<<<<

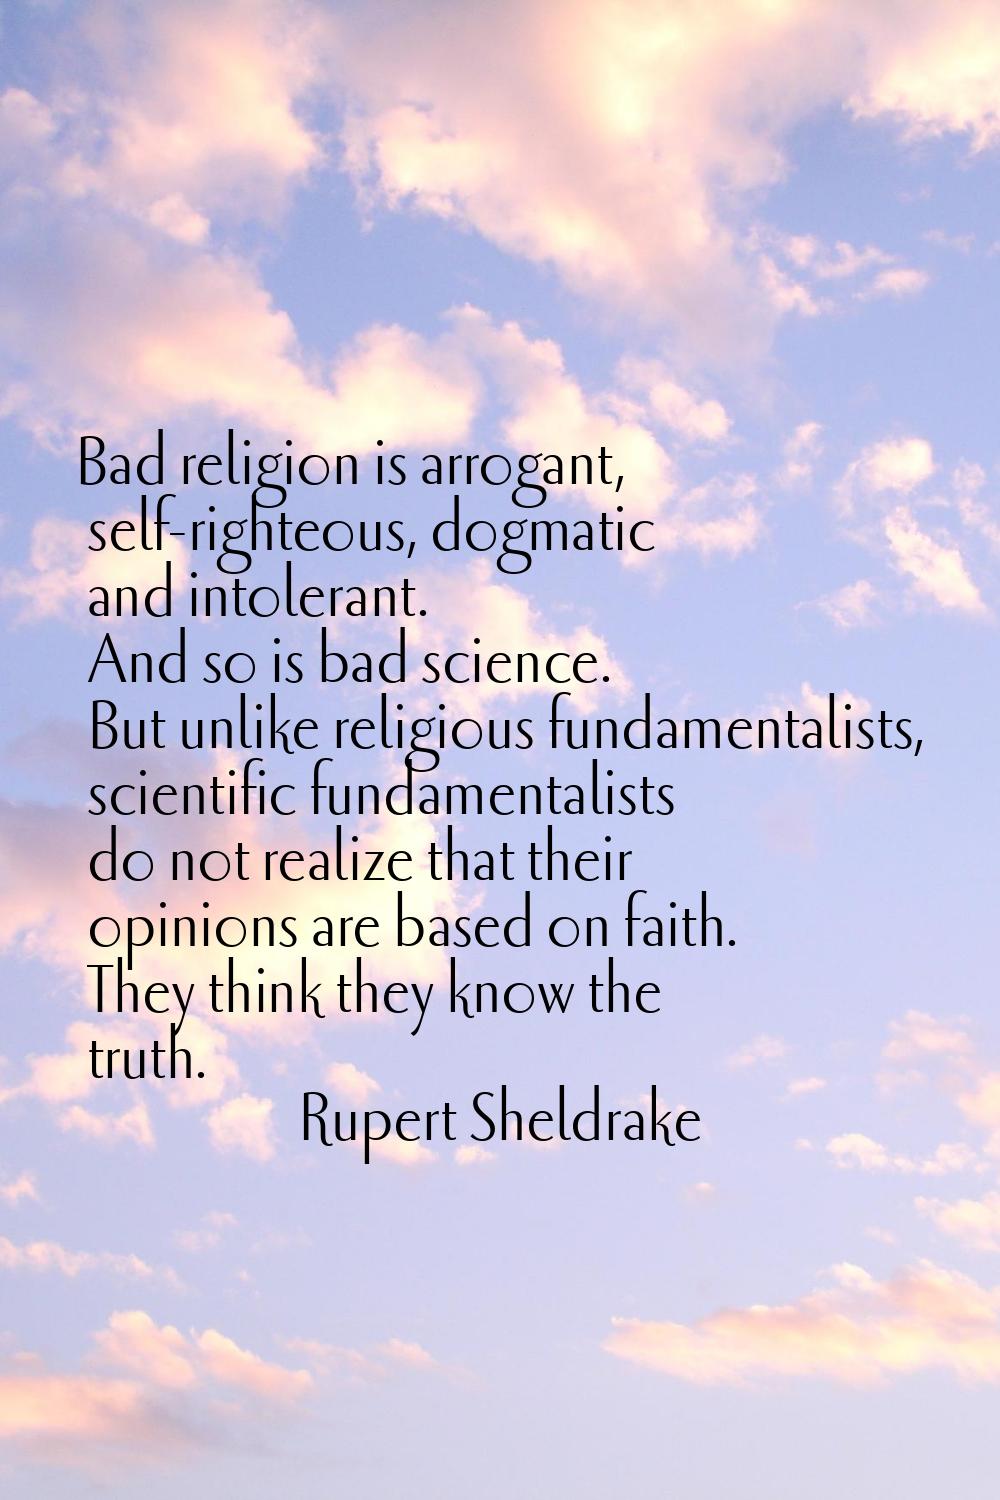 Bad religion is arrogant, self-righteous, dogmatic and intolerant. And so is bad science. But unlik
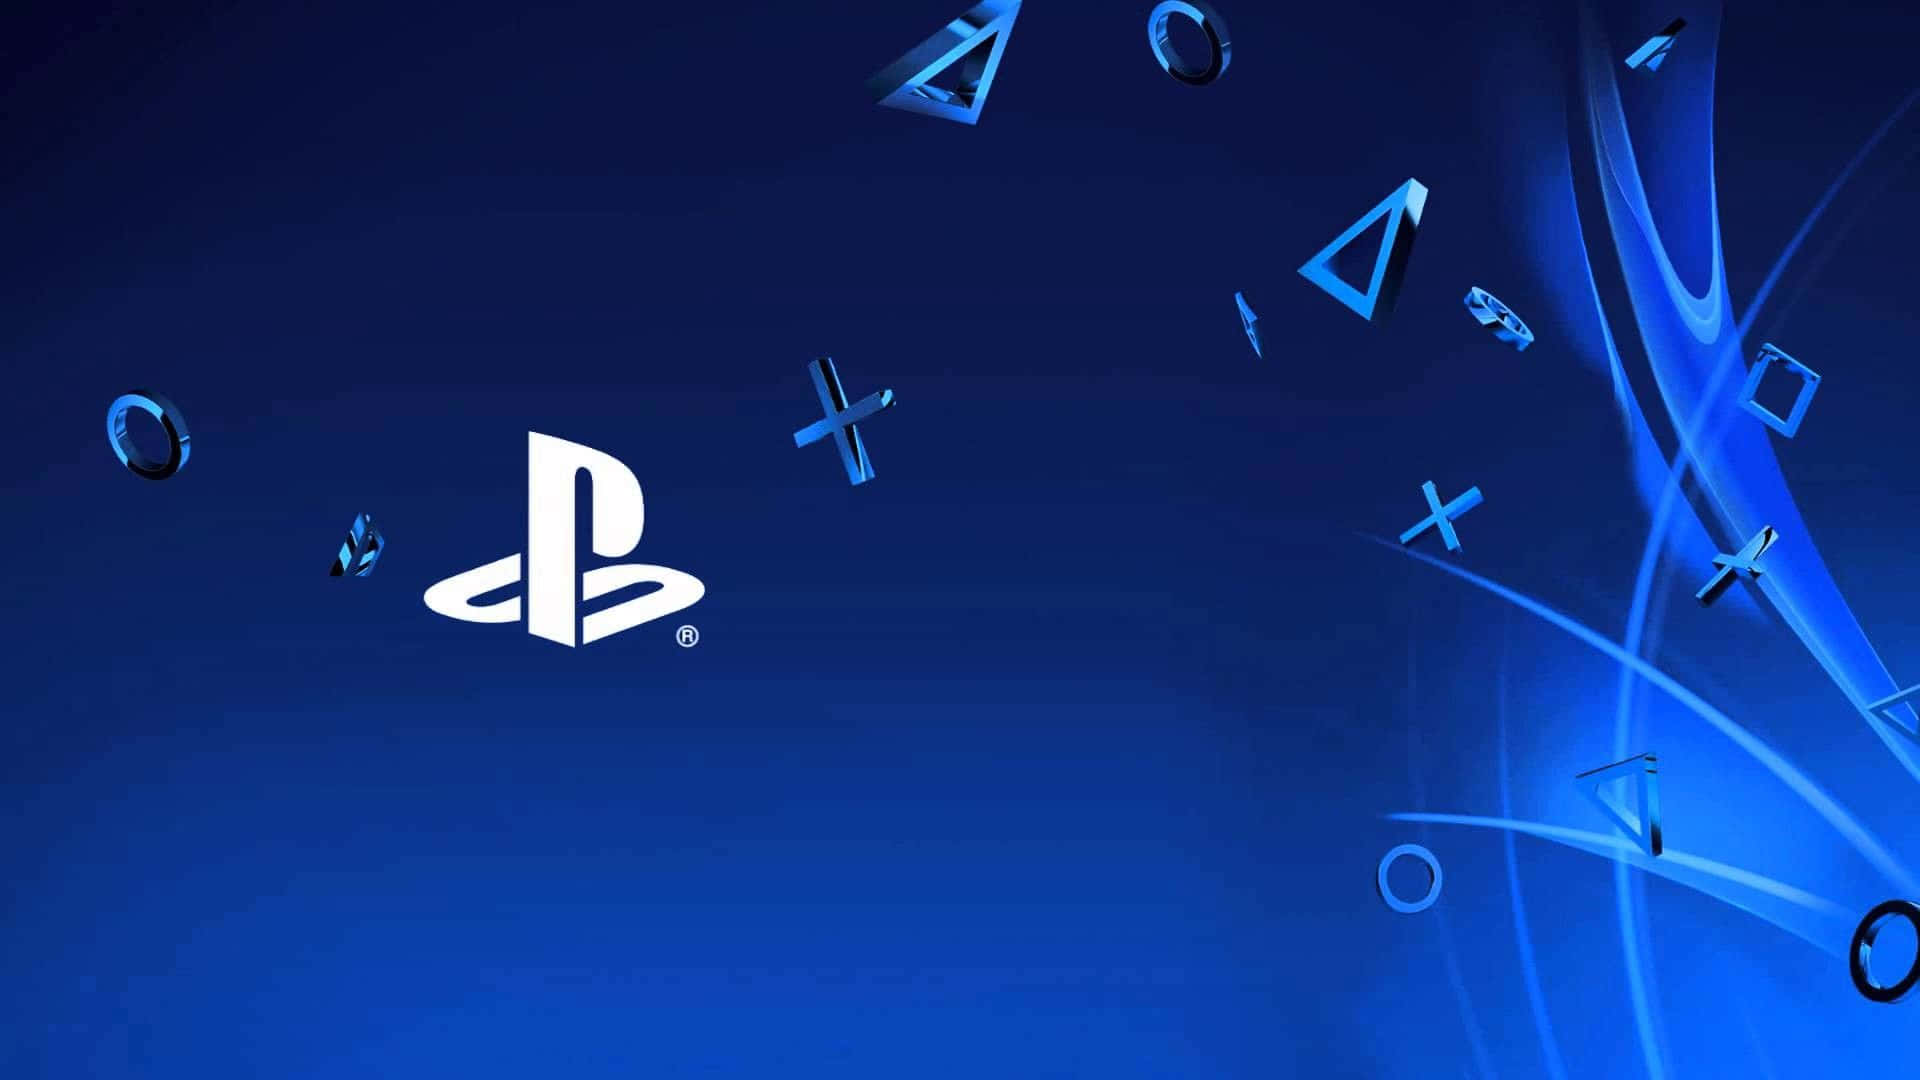 Default Cool Ps4 With Floating Controller Icons Background
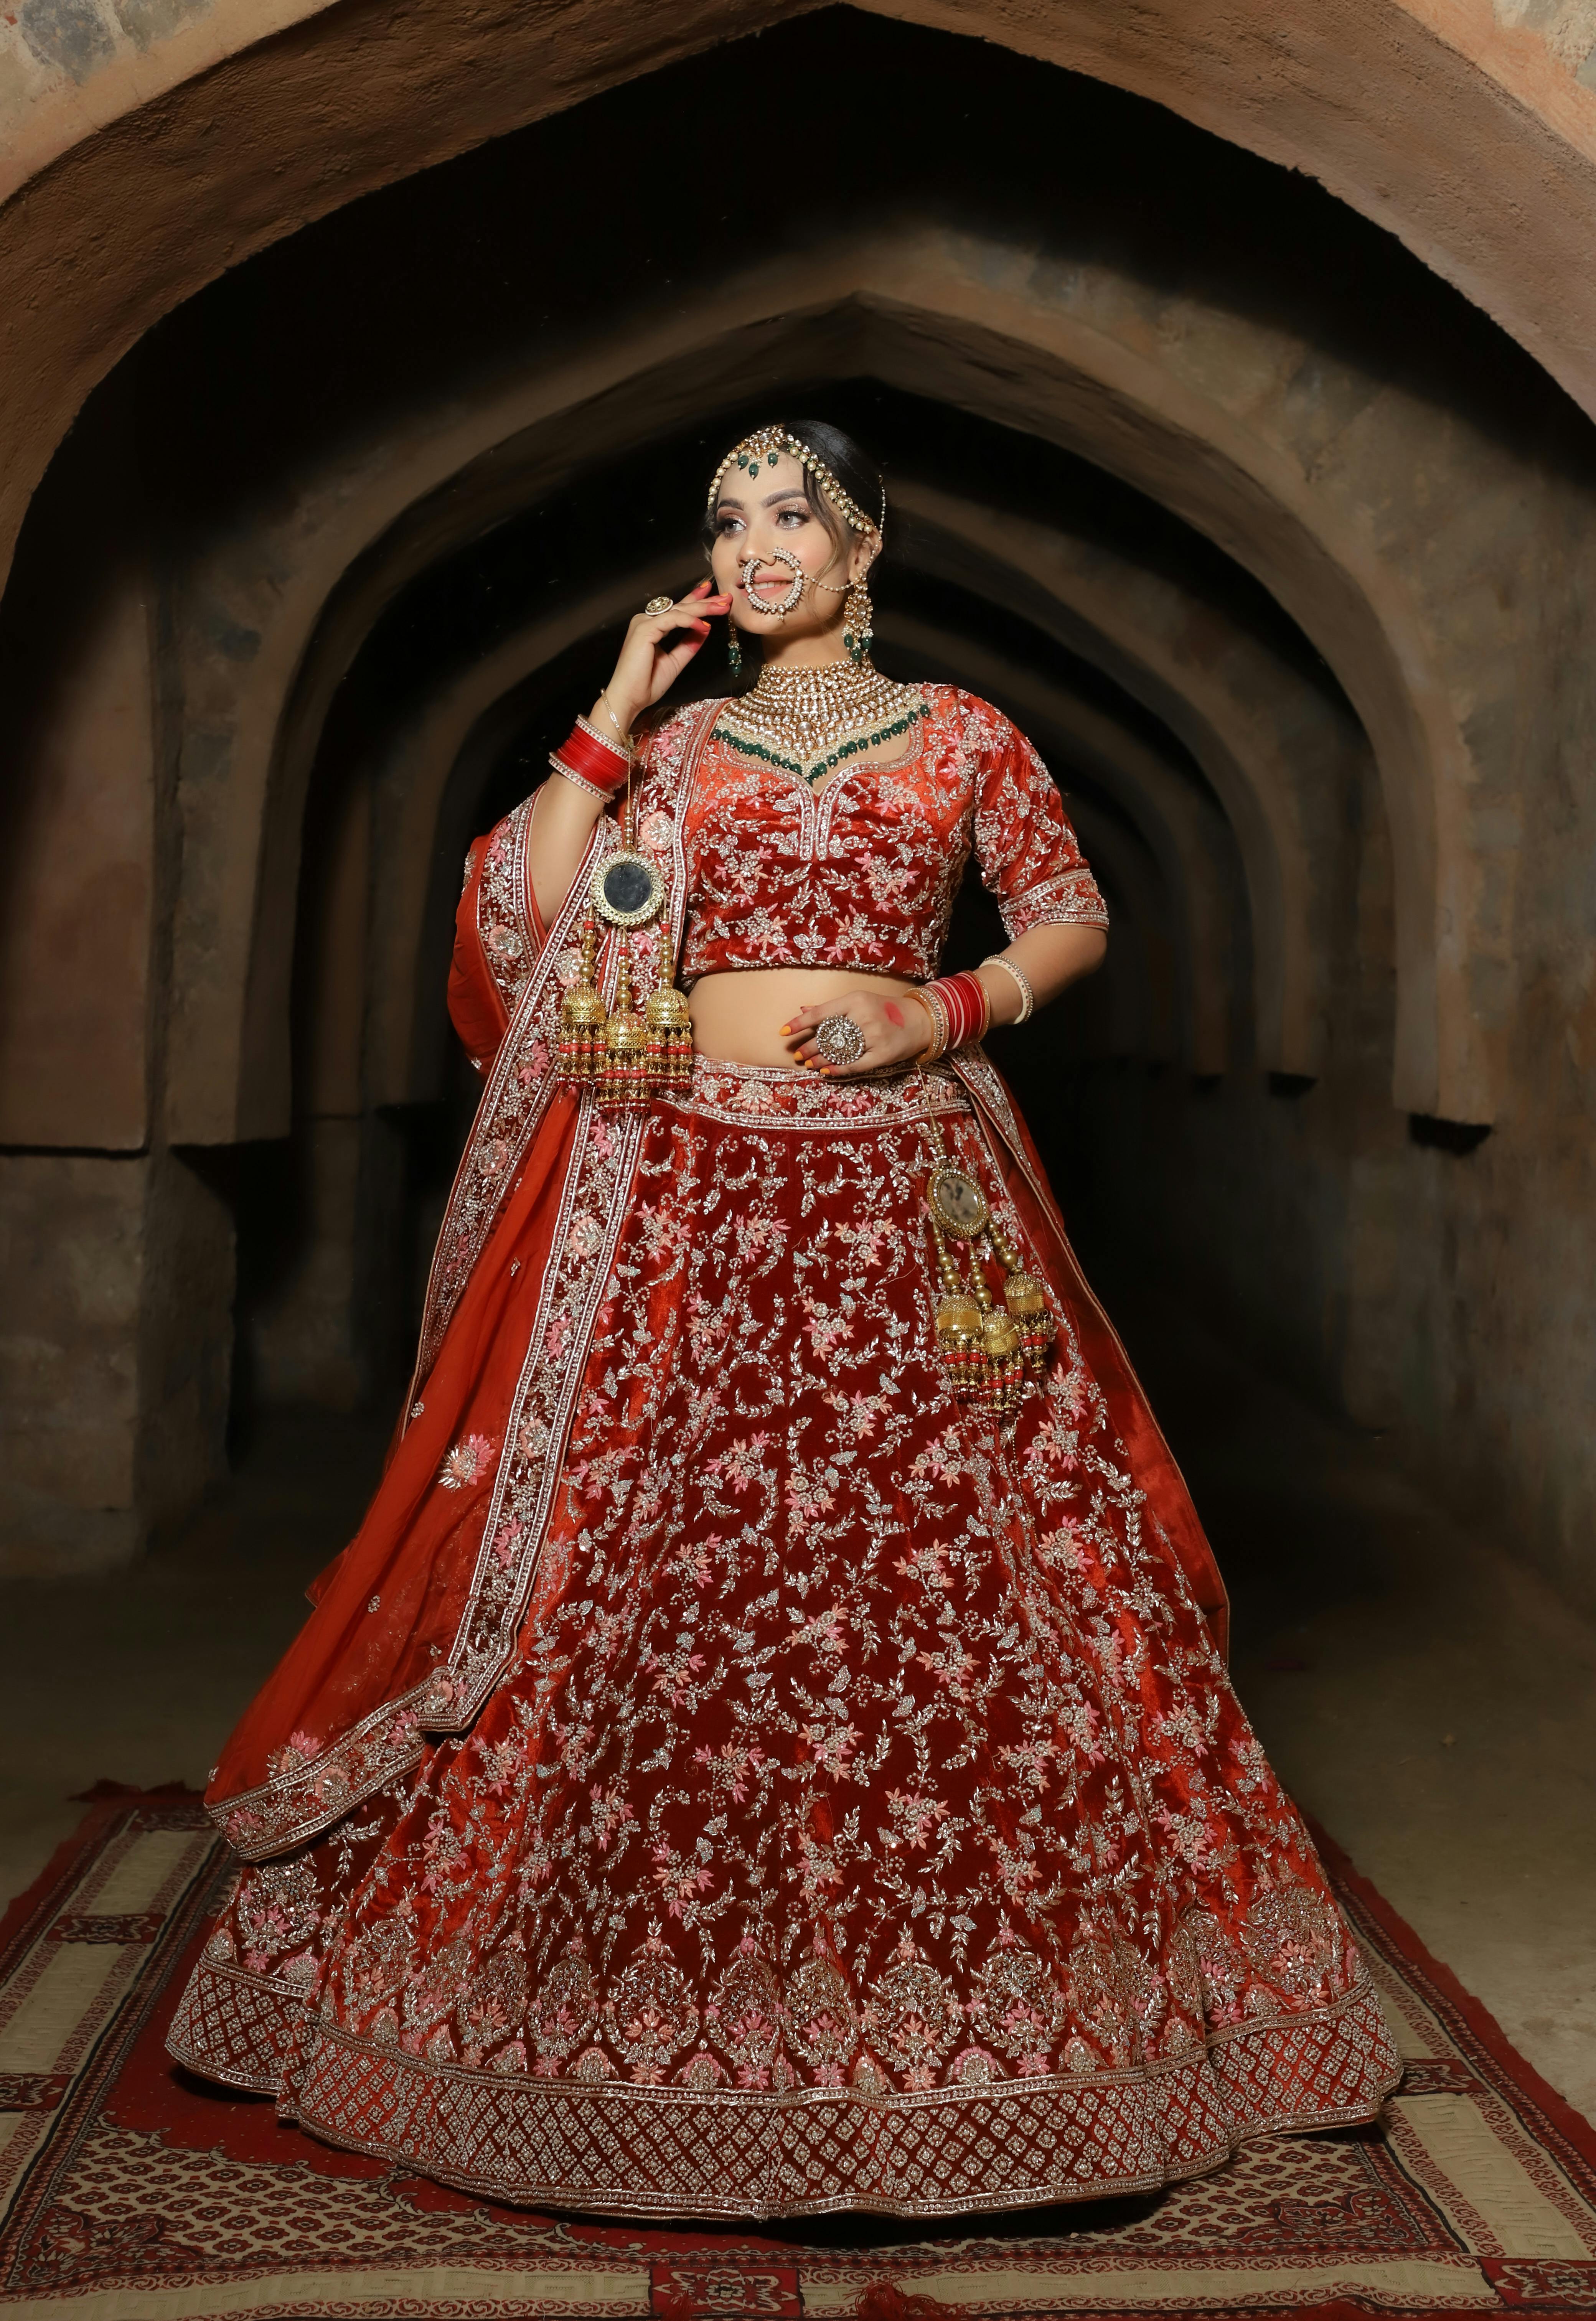 10+ Photos Of Rajasthani Brides That Will Mesmerise You! | Rajasthani bride,  Bridal lehenga red, Rajasthani dress
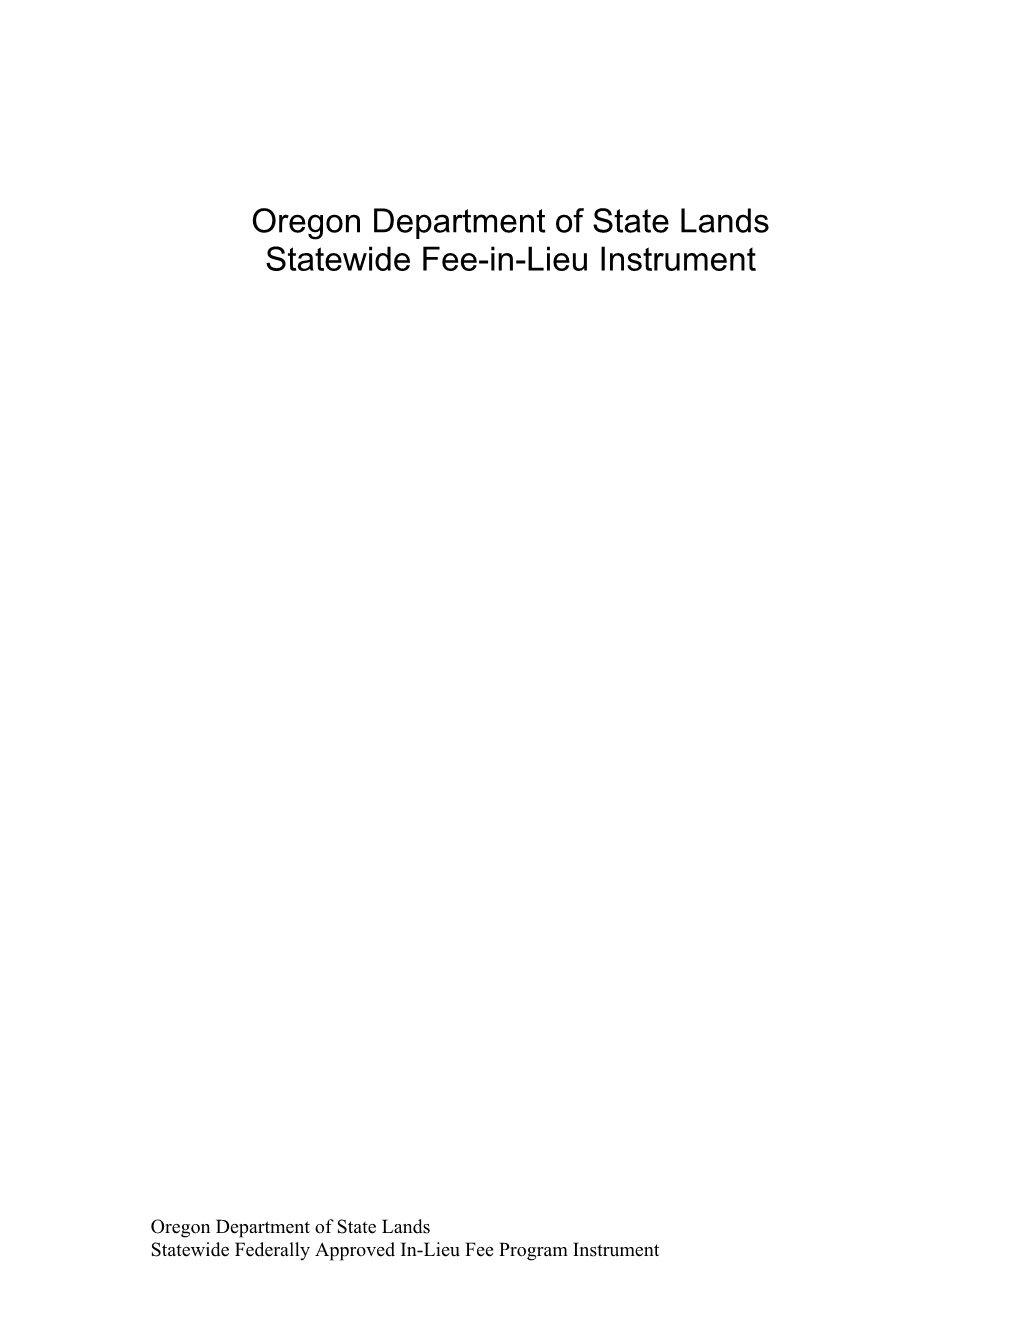 Oregon Department of State Lands Statewide Fee-In-Lieu Instrument

>>>>

- TASK STATEMENT -
Copy out the data verbatim, excluding the pictures.

- WRITTEN ANSWER -
 Bad religion is arrogant, self-righteous, dogmatic and intolerant. And so is bad science. But unlik
 Default Cool Ps4 With Floating Controller Icons Background
 10+ Photos Of Rajasthani Brides That Will Mesmerise You! | Rajasthani bride,  Bridal lehenga red, Rajasthani dress
 Oregon Department of State Lands Statewide Fee-In-Lieu Instrument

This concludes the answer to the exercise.